◆ **Work task**: Return the data below unaltered, but strip out the pictures.
START Given information
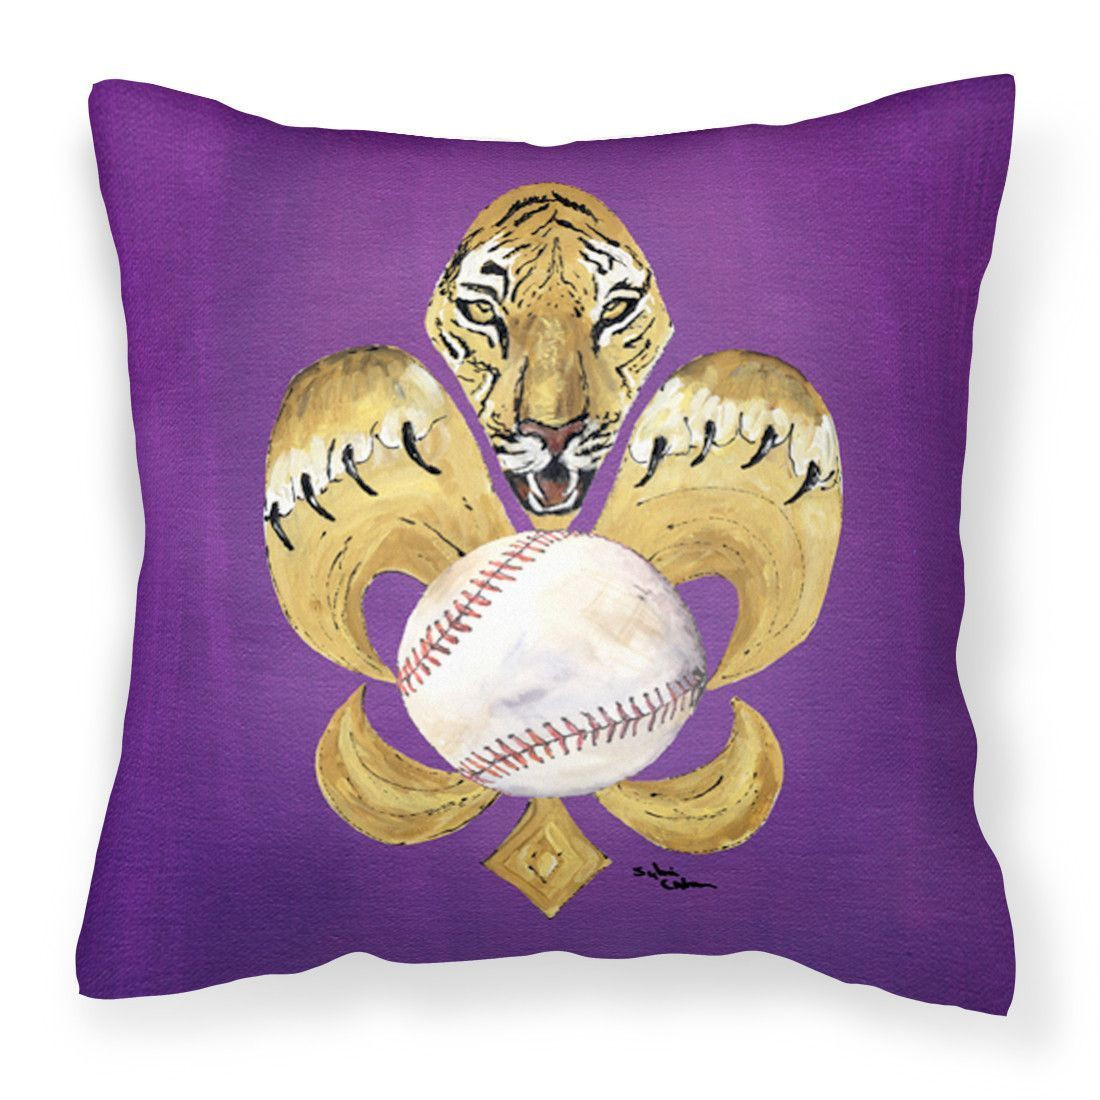 Tiger Fleur de lis Baseball Fabric Decorative Pillow 8476PW1414
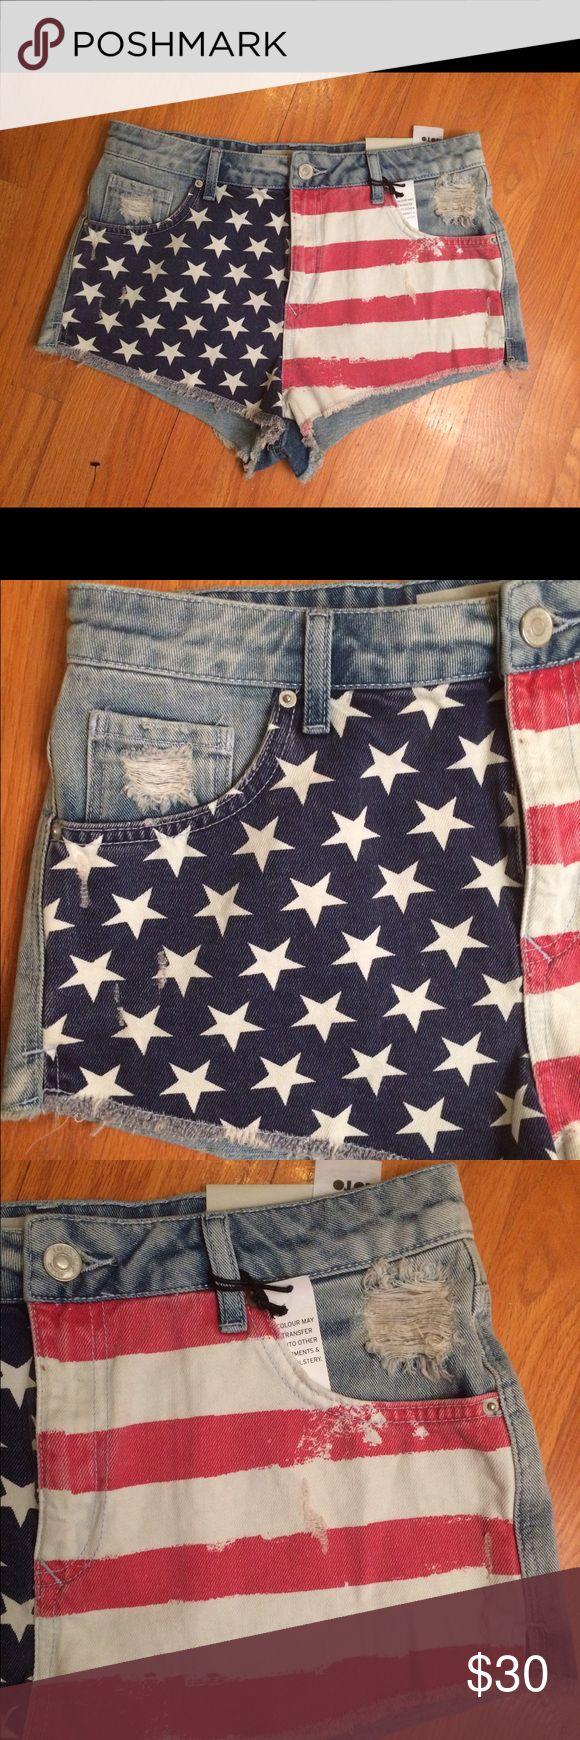 TopShop Moto High waisted Flag denim hot shorts TopShop Moto Brooke High waisted Flag denim hot pants shorts.  Sz 8 Topshop Shorts Jean Shorts
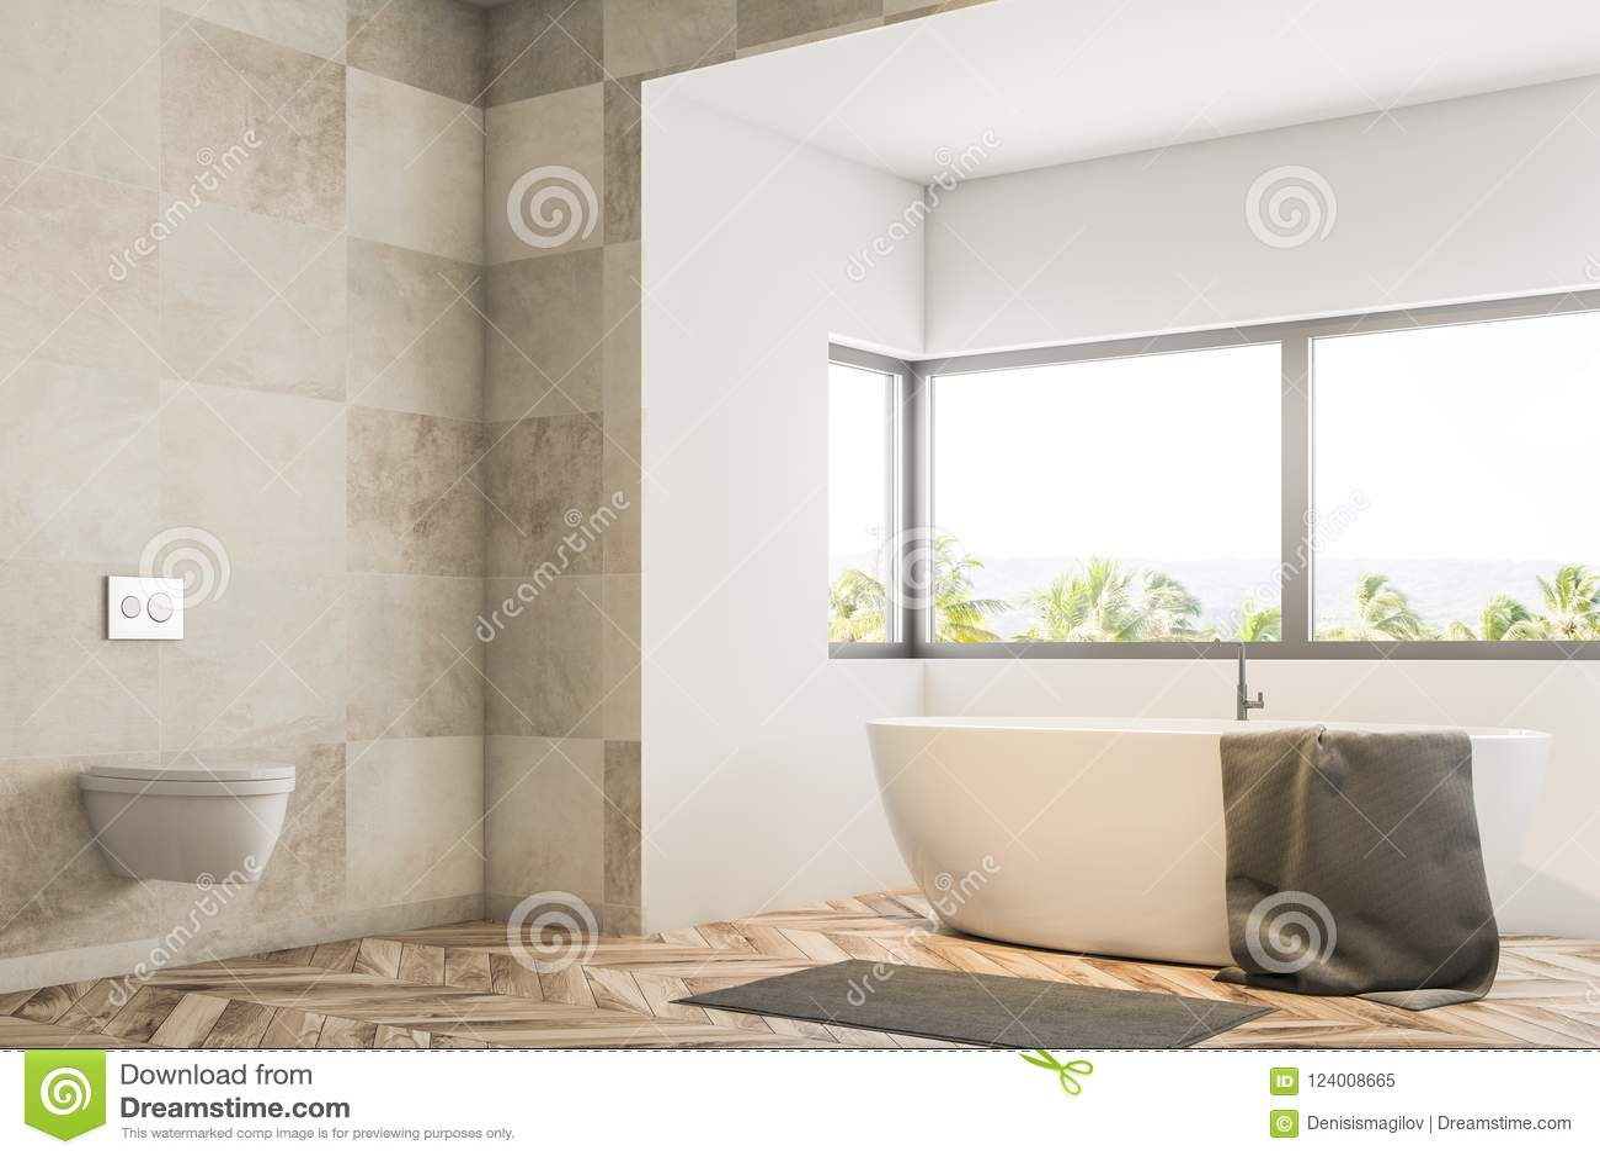 White Tile Bathroom Corner, Tub And Sink Stock Illustration ...
END Given information
◆ **Answer to this task**:
 Tiger Fleur de lis Baseball Fabric Decorative Pillow 8476PW1414
 TopShop Moto High waisted Flag denim hot shorts TopShop Moto Brooke High waisted Flag denim hot pants shorts.  Sz 8 Topshop Shorts Jean Shorts
 White Tile Bathroom Corner, Tub And Sink Stock Illustration ...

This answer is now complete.